• _Task statement_: Line by line, the data below should be set down unchanged, with images excluded.

• _Data block_:
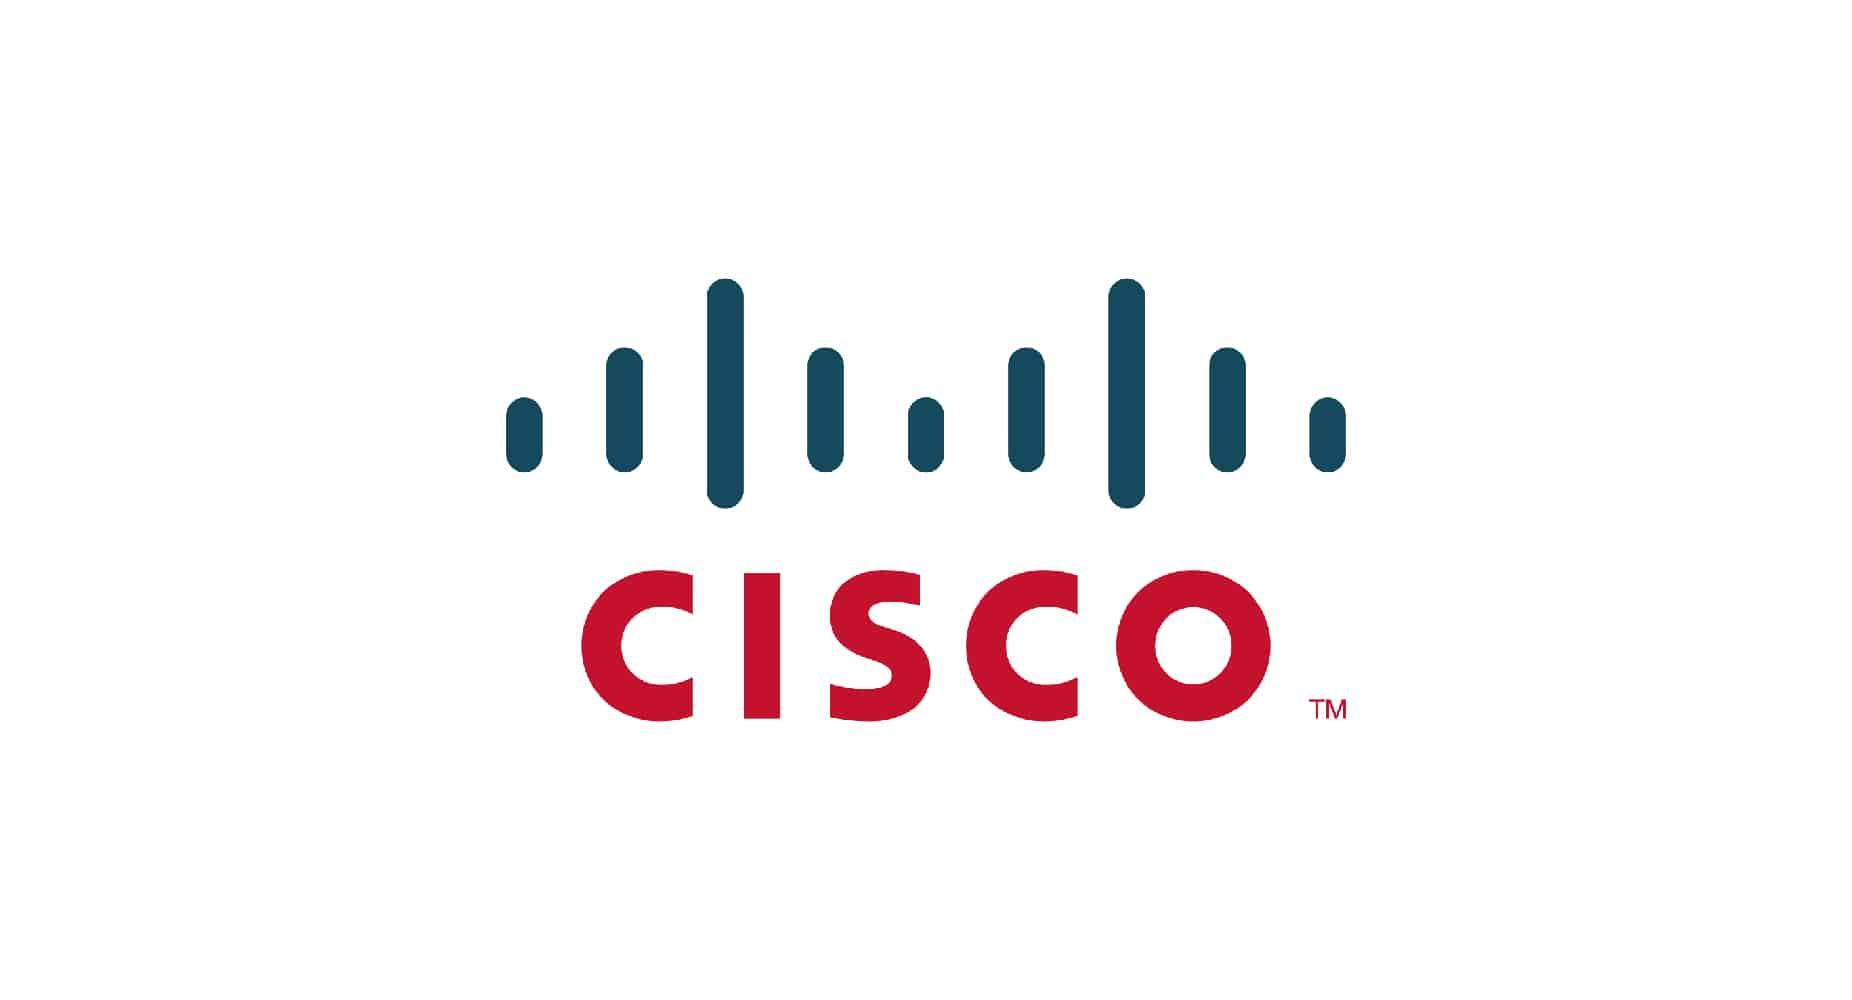 cisco branding
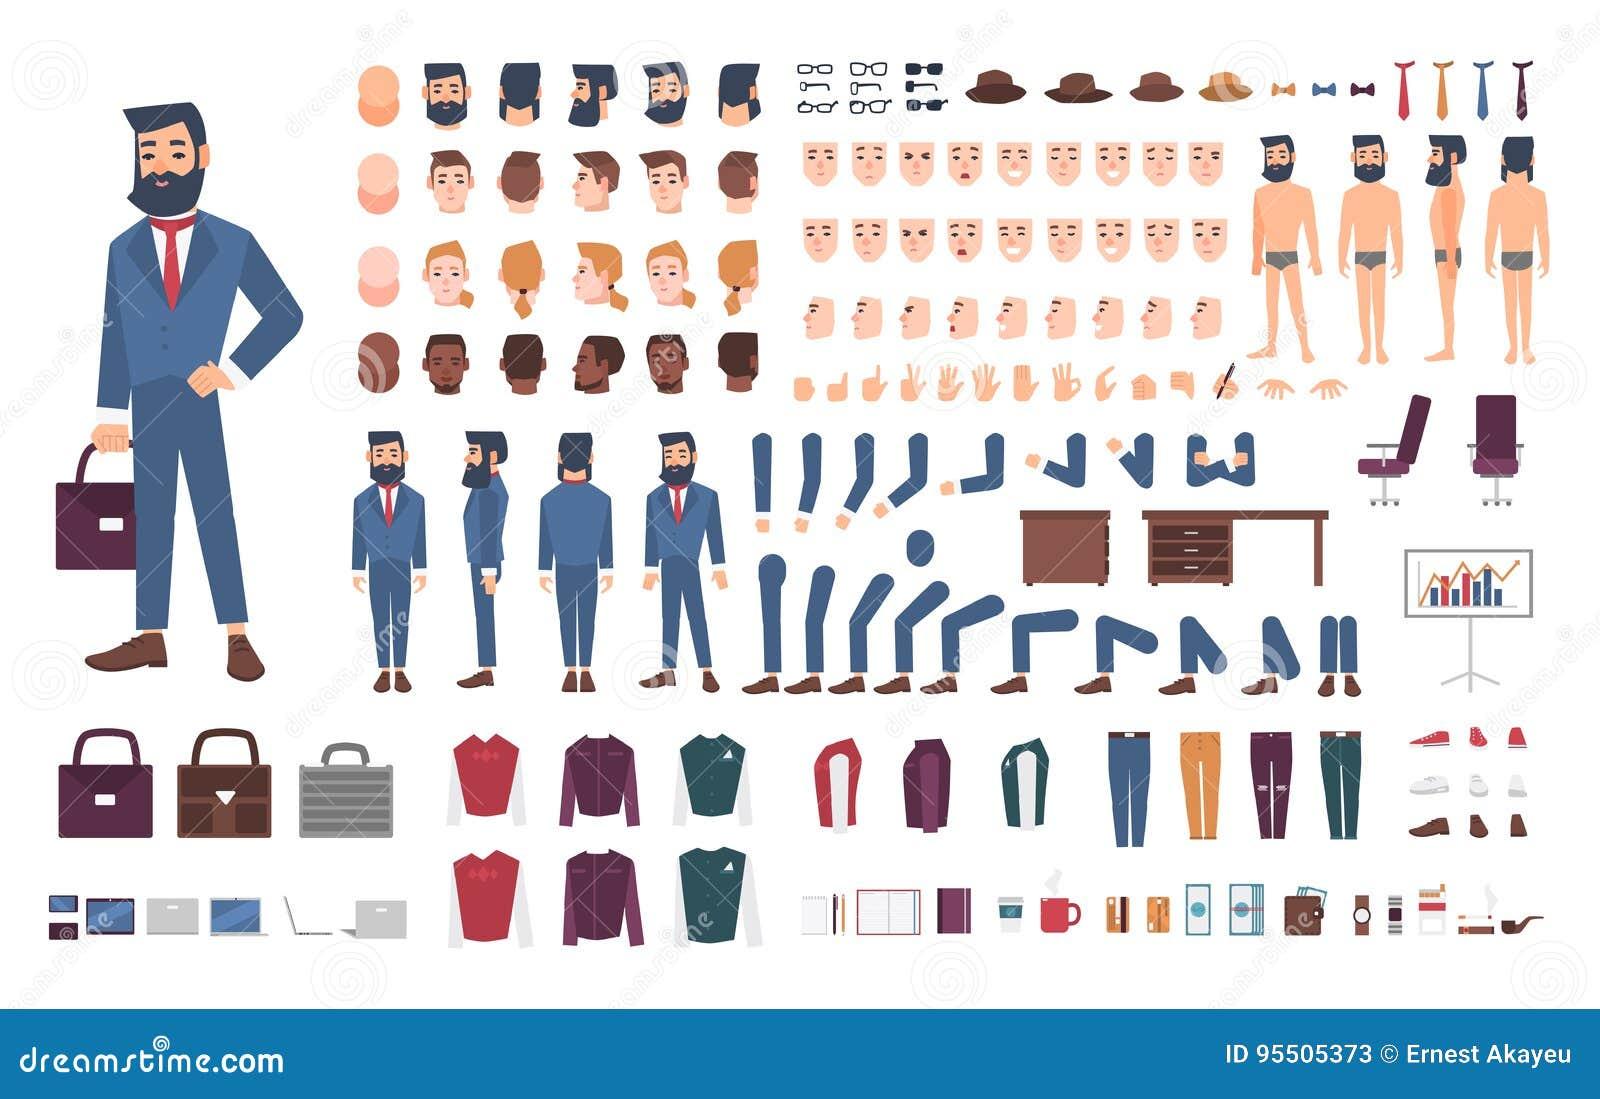 Biznesmena charakteru konstruktor Męski urzędnika tworzenia set Różne postury, fryzura, twarz, nogi, ręki
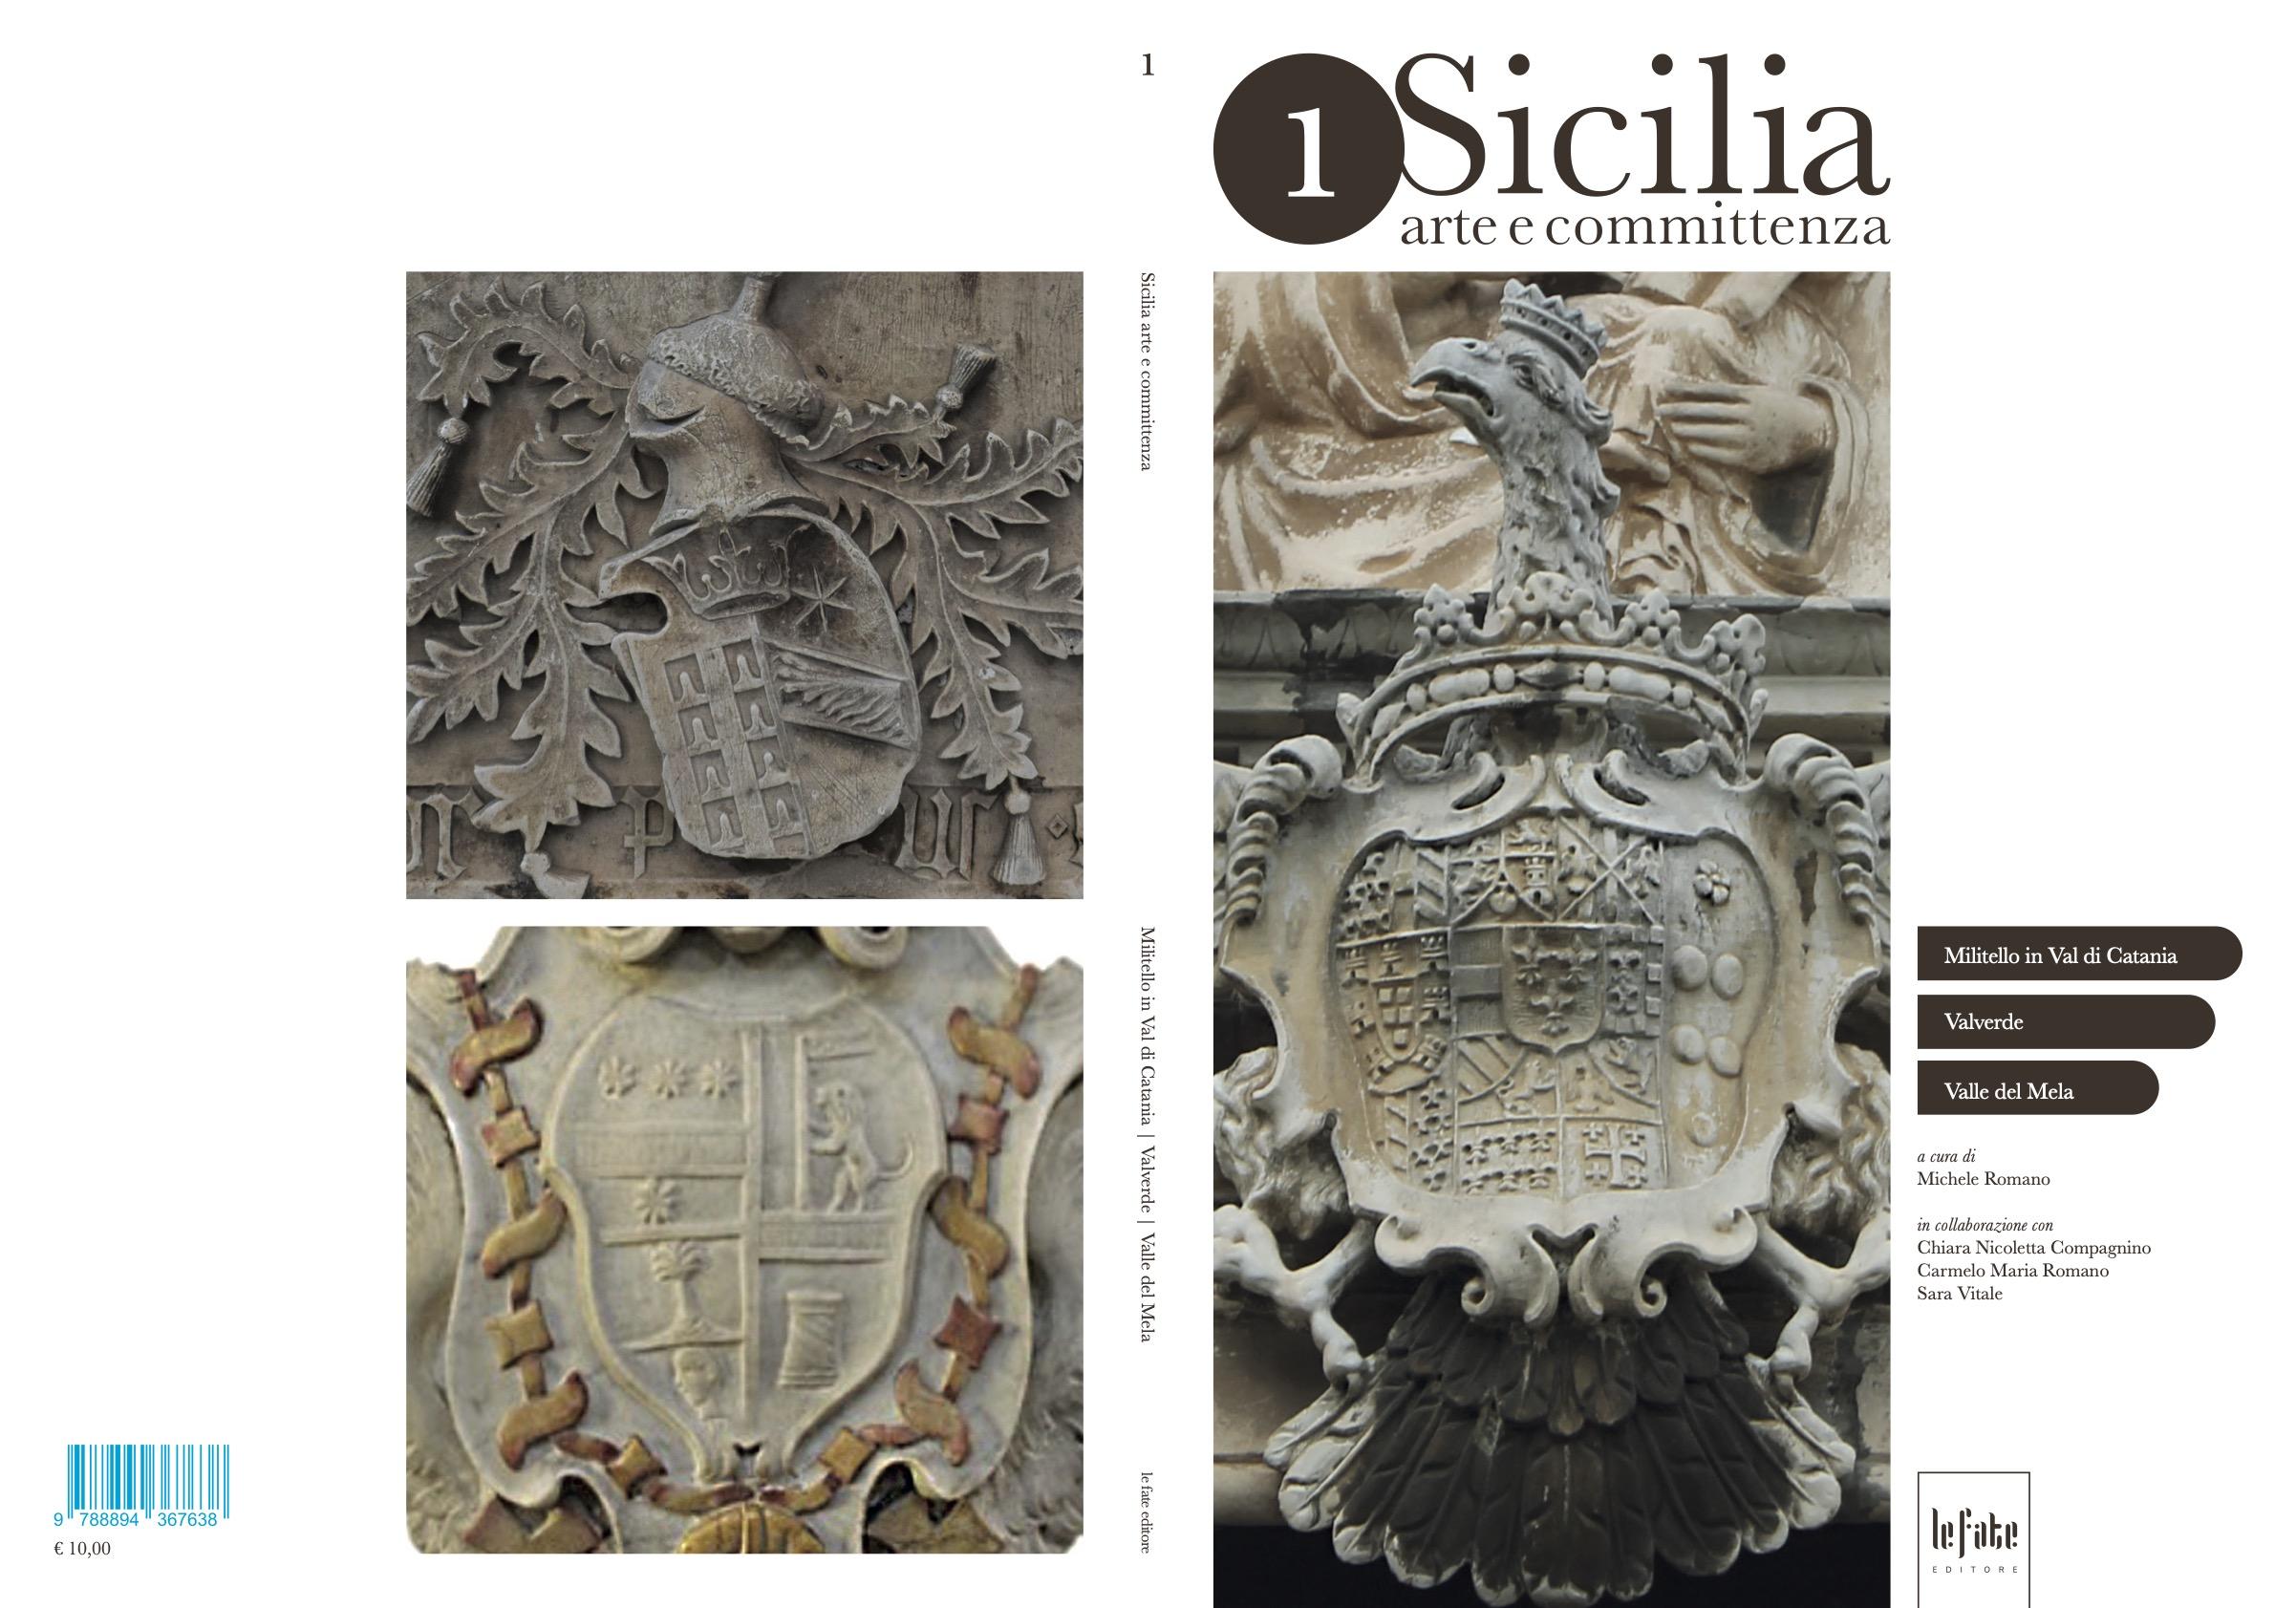 Sicilia Arte e committente (1)

• _Answer space_:
 cisco branding
 Biznesmena charakteru konstruktor Męski urzędnika tworzenia set Różne postury, fryzura, twarz, nogi, ręki
 Sicilia Arte e committente (1)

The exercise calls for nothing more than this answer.